Volevo solo andarmene.

 

Fu così che nonostante i dolori lancinanti raccattai i miei (pochi) averi e mi feci strada verso una fantomatica uscita. Non sapevo dove andare ma notai con sollievo che la porta era aperta. Non volevano davvero tenermi rinchiusa.

Passo per passo, mi addentrai in un corridoio lunghissimo. Moquette per terra e tante porte di legno ai lati. Un tipico edificio occidentale. I miei piedi nudi affondavano leggermente nel pelo della moquette e man mano che andavo avanti sentivo sempre più l’odore di fresco. Per il resto era tutto in semi oscurità, odore di deodorante, quasi asettico. Niente di più.

Finalmente trovai una scala, legno scuro, ebano forse, nello stesso stile del letto che tanto bene avevo conosciuto. Non era molto grande ma c’era una cura per i dettagli quasi maniacale. Tutto il corrimano era intarsiato con piccoli fiori.

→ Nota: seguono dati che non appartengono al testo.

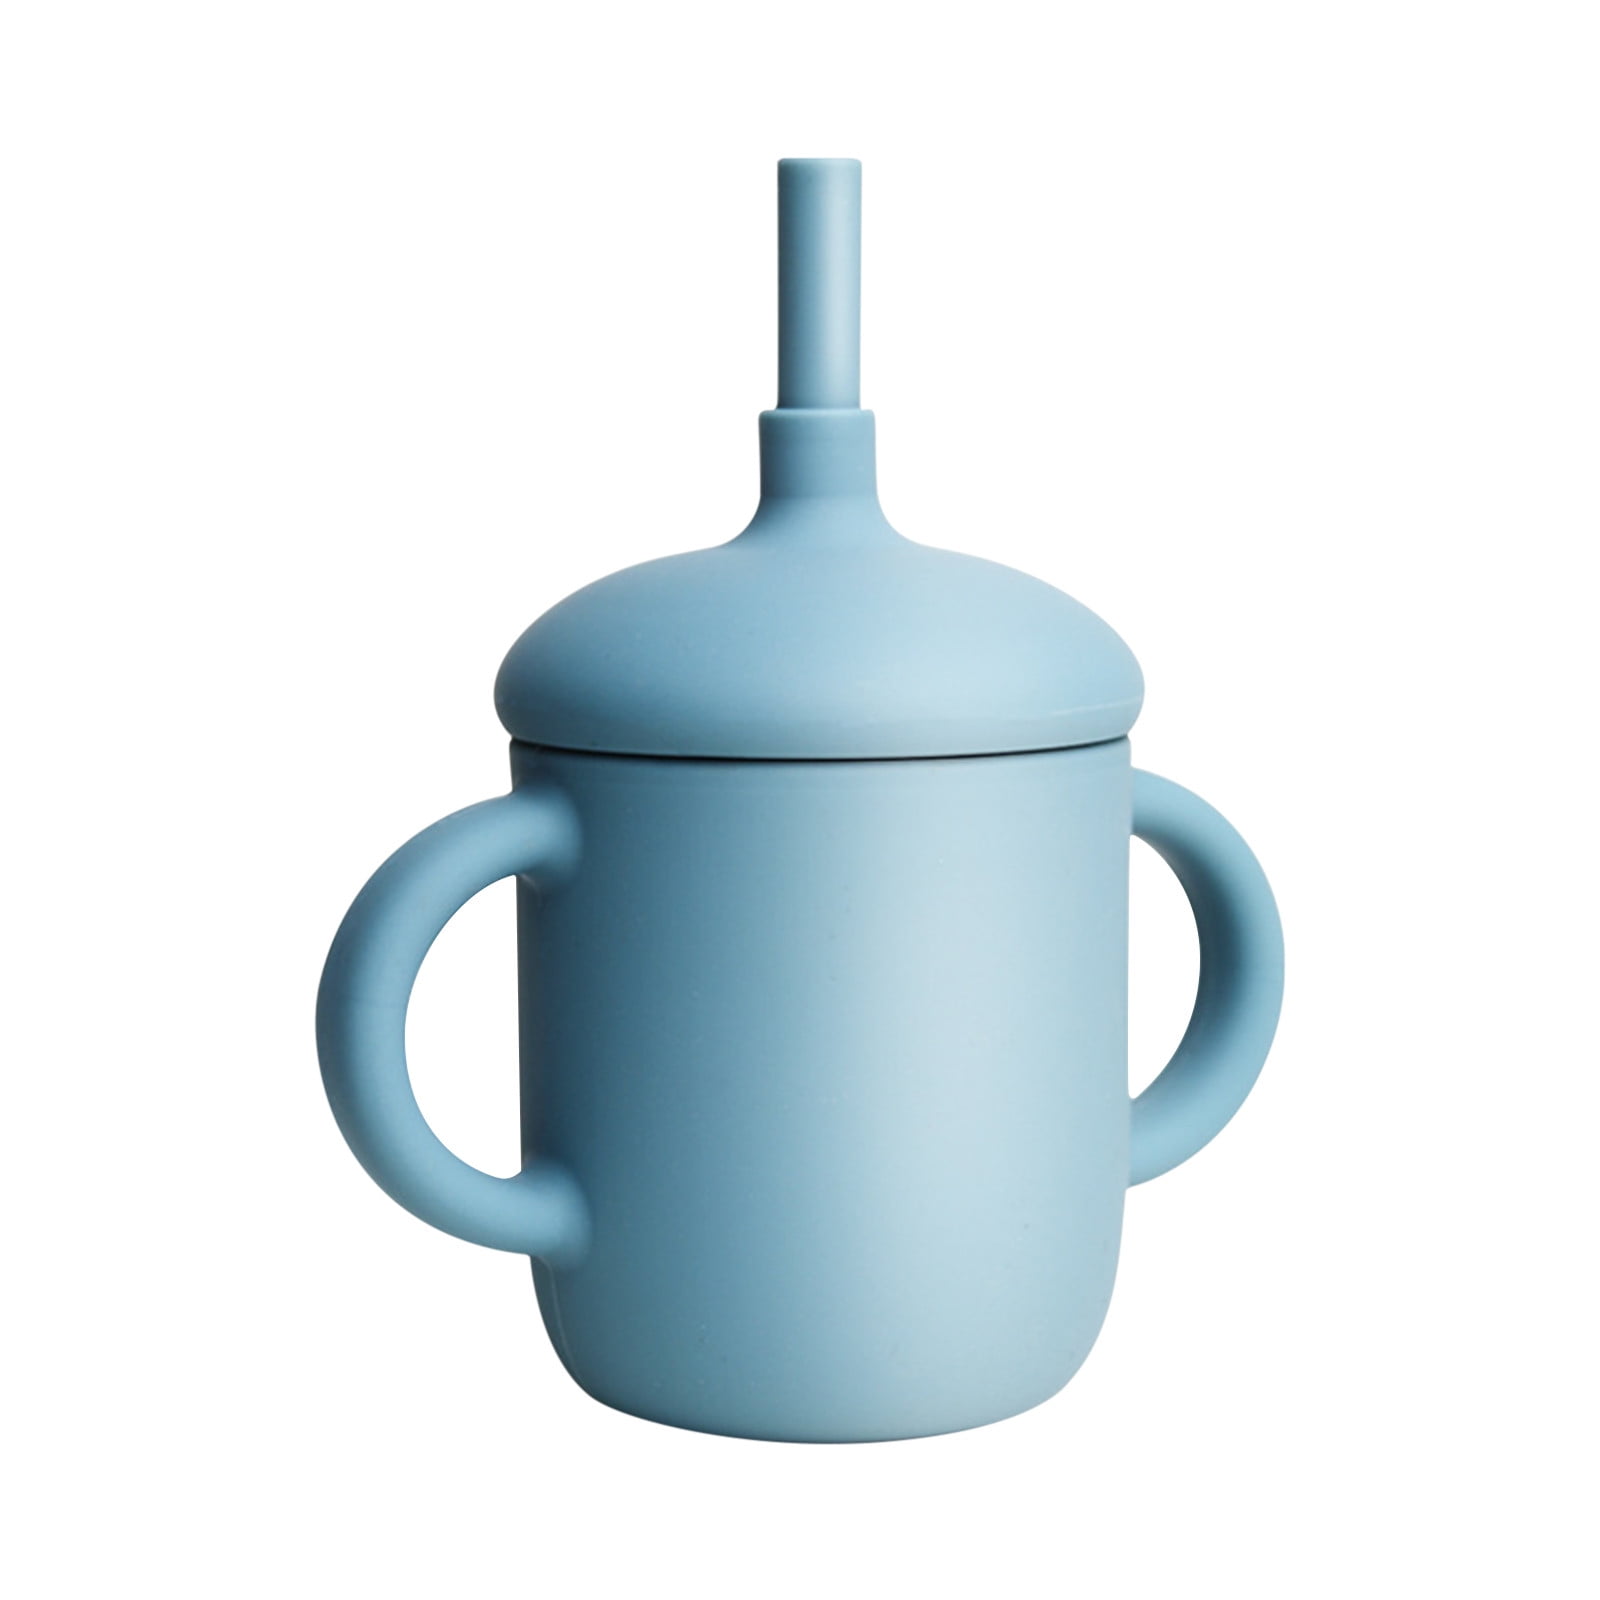 Vikakiooze Children's Cup Simple Modern Mug Tumbler with
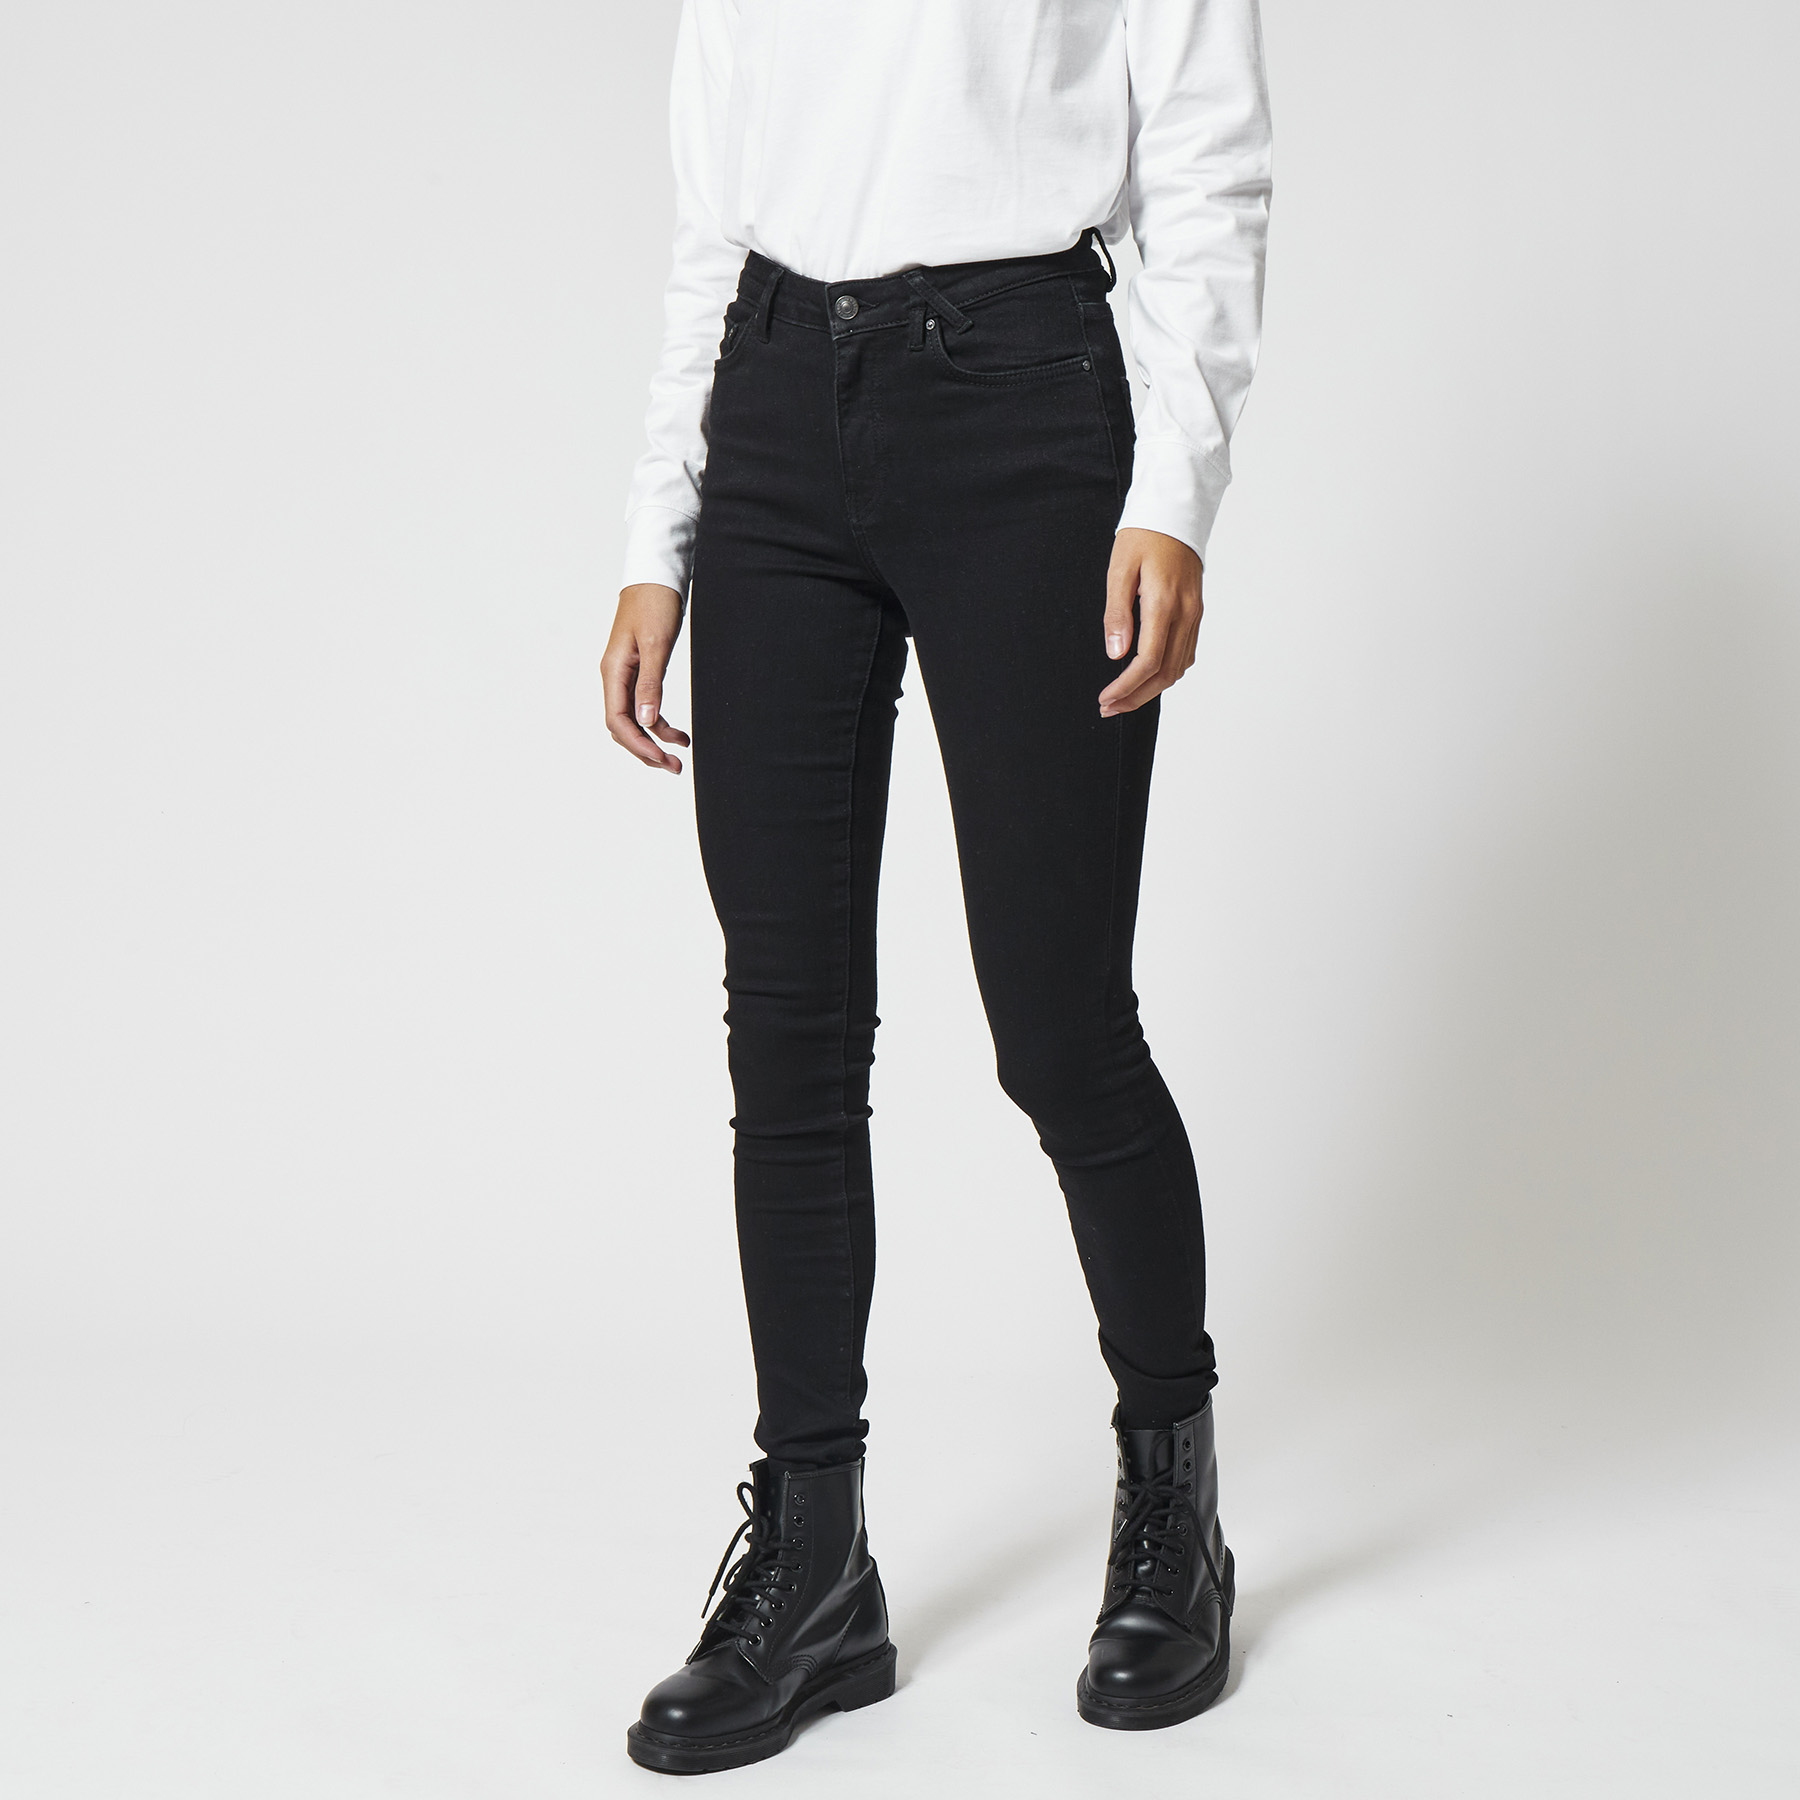 Zwarte Skinny Jeans Dames Flash Sales, SAVE 40% - horiconphoenix.com

Salii e finalmente, dopo giorni, vidi quella che poteva sembrare vera luce. Mi feci più piccola nella mia vestaglia, trovata ai piedi del letto. Mi copriva appena. Ero scalza. Come avrei fatto a uscire?

-Allora infine ce l’hai fatta!- esclamò una voce vicina.

Uta si nascondeva dietro un angolo. Quella sala probabilmente era soltanto una stanza di passaggio. Non c’era niente, tranne una porta alle sue spalle.

-Potrei andare?- chiesi timidamente.

Non volevo offenderlo, avevo solo bisogno di scappare.

-Certo. Non posso procurarti delle scarpe, però. Ti chiamerò un taxi e ti lascerò qualcosa per coprirti. Penso che qualsiasi cosa andrà bene. Ora però devi rimanere qui, non posso farti uscire al momento.

 

Così aspettai. In piedi, dolorante, finché non entrò Uta con un immenso trench scarlatto, a dirmi che il mio taxi mi stava aspettando. Me lo regalò. Io tornai a casa, immensamente felice, spaventata, e un po’ rammaricata dall’aver sfruttato così tutta quella gentilezza.